El juicio se anuncia desigual y la impresión es que Simbikangwa, tiene escasas posibilidades de salir absuelto. Las cinco ONGs que se personan como parte civil y el abogado de oficio del acusado coinciden en subrayar que es muy difícil y costoso hacer llegar a los testigos necesarios desde Ruanda. El defensor, Fabrice Epstein, ha puesto en duda la credibilidad de los testigos de la acusación y sostiene que la fiscalía cuenta con el apoyo de Kigali y con recursos económicos que su defendido, “que se encuentra totalmente aislado en Francia”, no tiene. La fiscalía admite que no conoce los nombres de las víctimas directas del imputado, porque “cuando hay cientos de víctimas, la víctima individual desaparece”.
Los gendarmes de la Sala de Crímenes de Guerra han realizado varias comisiones rogatorias en Ruanda y han trazado el perfil del acusado: inteligente, meticuloso, impulsivo y traumatizado por el accidente de coche, Simbikangwa comenzó su carrera en la gendarmería ruandesa y luego se alistó en los gorros rojos, la sangrienta guardia presidencial, antes de convertirse en uno de los jefes de los servicios secretos hutus y en miembro del clan Akazu, el restringido círculo de personalidades ligadas al presidente Juvénal Habyarimana.
El juicio es además un espejo de las tensas relaciones que mantienen Francia y Ruanda. Durante 20 años, París ha sido acusada por Kigali de conceder un exilio dorado a los autores del genocidio, y el presidente tutsi Paul Kagame ha acusado a París de ser cómplice de las matanzas y de favorecer la huida a Zaire de los criminales al montar la operación militar-humanitaria Turquesa. Francia lo niega.

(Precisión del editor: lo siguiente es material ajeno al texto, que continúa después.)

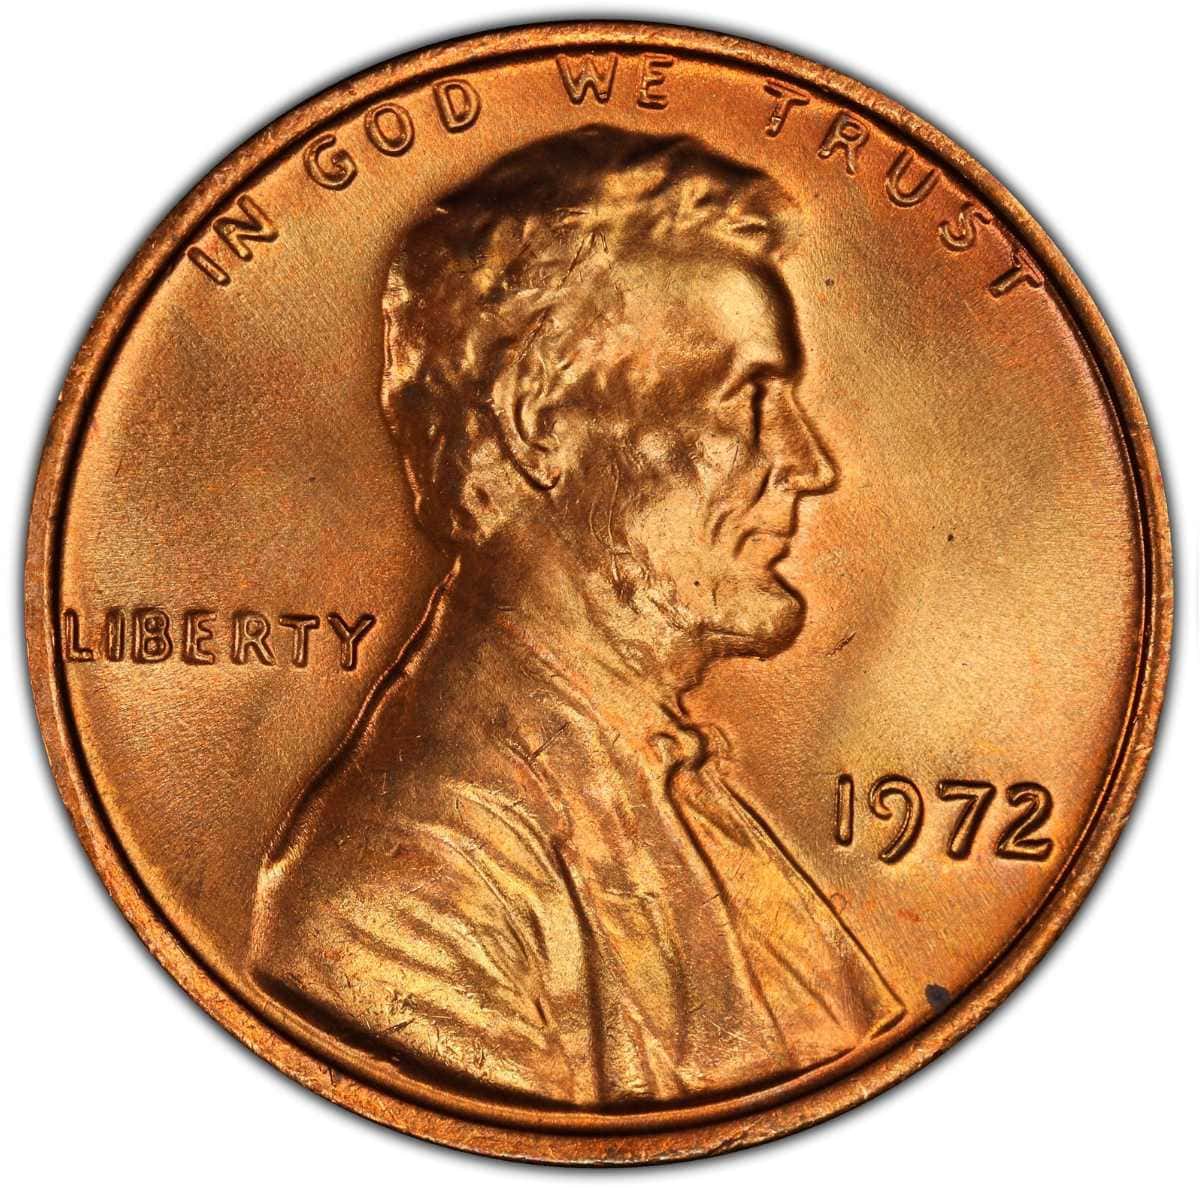 1972 Penny Historical Background

En 2006, Ruanda rompió las relaciones diplomáticas cuando París acusó a Kagame y otros mandatarios de estar detrás del atentado mortal contra el avión del presidente Habyamirana que desencadenó el genocidio. En 2008, Kigali acusó a Francia de estar implicada en las matanzas y emitió una orden de arresto contra el exministro de Exteriores Alain Juppé y otros políticos galos. Las relaciones se reanudaron en 2010, tras un viaje de Nicolas Sarkozy en el que este reconoció “graves errores de apreciación” y “una cierta forma de ceguera” sin presentar las excusas que Kigali esperaba. Y la desconfianza mutua sigue reinando, aunque el juicio al torturador parapléjico podría cambiar las cosas.